В письме этом Рабирий в свойственных ему едких выражениях бесчестил мою обожаемую жену Фабию. Поначалу я шурину не поверил. Но нет, почерк Рабирия, да и прочее, сходилось!
Я был настолько удручен этой мелкой низостью, вдобавок лишенной мотива, что не смог утаить свое открытие от друга. Учинил дознание.
Рабирий не запирался (он был умен и чуял: не поможет!). Напротив, подлец раскаивался. Да так бурно, что я едва осушил от слез его глаза.
Ногтями разрывая себе грудь, Рабирий объяснил, что писал о Фабии дурно, поддавшись низкому порыву, попросту – позавидовав мне, женатому на такой неописуемой красавице-и-умнице, и, что самое непереносимое, страстно любимому ею.
«Я же не был любим никем, кроме шлюх и своей матери», – рыдал он.
Меня тронула непритворная глубина его раскаяния. И его извинения я, конечно же, принял, вместе с приложенным к ним подарком – легкими носилками из драгоценного дерева и восьмеркой рослых рабов-носильщиков (плюс девятый, запасной).
Носилки я отдарил Фабии, которая, хоть о письме и не подозревала, но все одно оставалась вроде как пострадавшей стороной. Я счел ссору забытой и вновь начал звать Рабирия «сердечным другом».
Всесильные боги! На обиженных воду возят. А на доверчивых возят что? Я думаю, фекалии.
Это я написал, между прочим.
3. Случай с письмом забылся. И если бы не предательство Рабирия, окончившееся изгнанием Назона из Города, я бы, клянусь, не вспомнил о нем. Ведь право на мелкую подлость украшает римского гражданина…
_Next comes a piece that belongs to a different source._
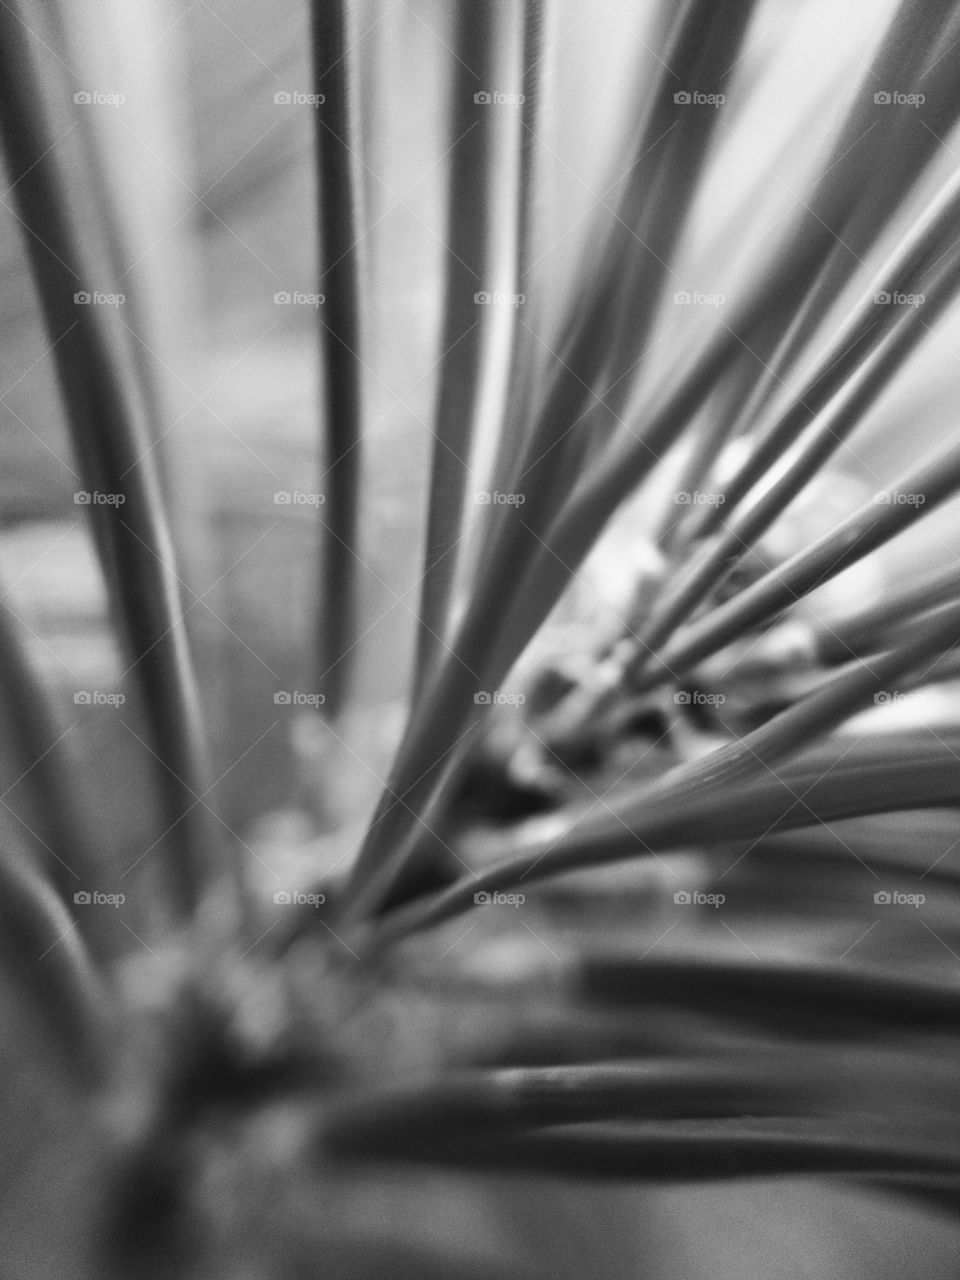 pine needles macro

– Что ж, Назон, свершилось! – возвестил однажды Рабирий. Он ворвался в мою опочивальню с первыми петухами. Волосы его были взъерошены, лицо осунулось – наверняка скоротал ночь в бардаке.
– Что именно? – проворчал я, усаживаясь на кровати.
Мне стоило труда налепить на лицо хоть какое-нибудь выражение.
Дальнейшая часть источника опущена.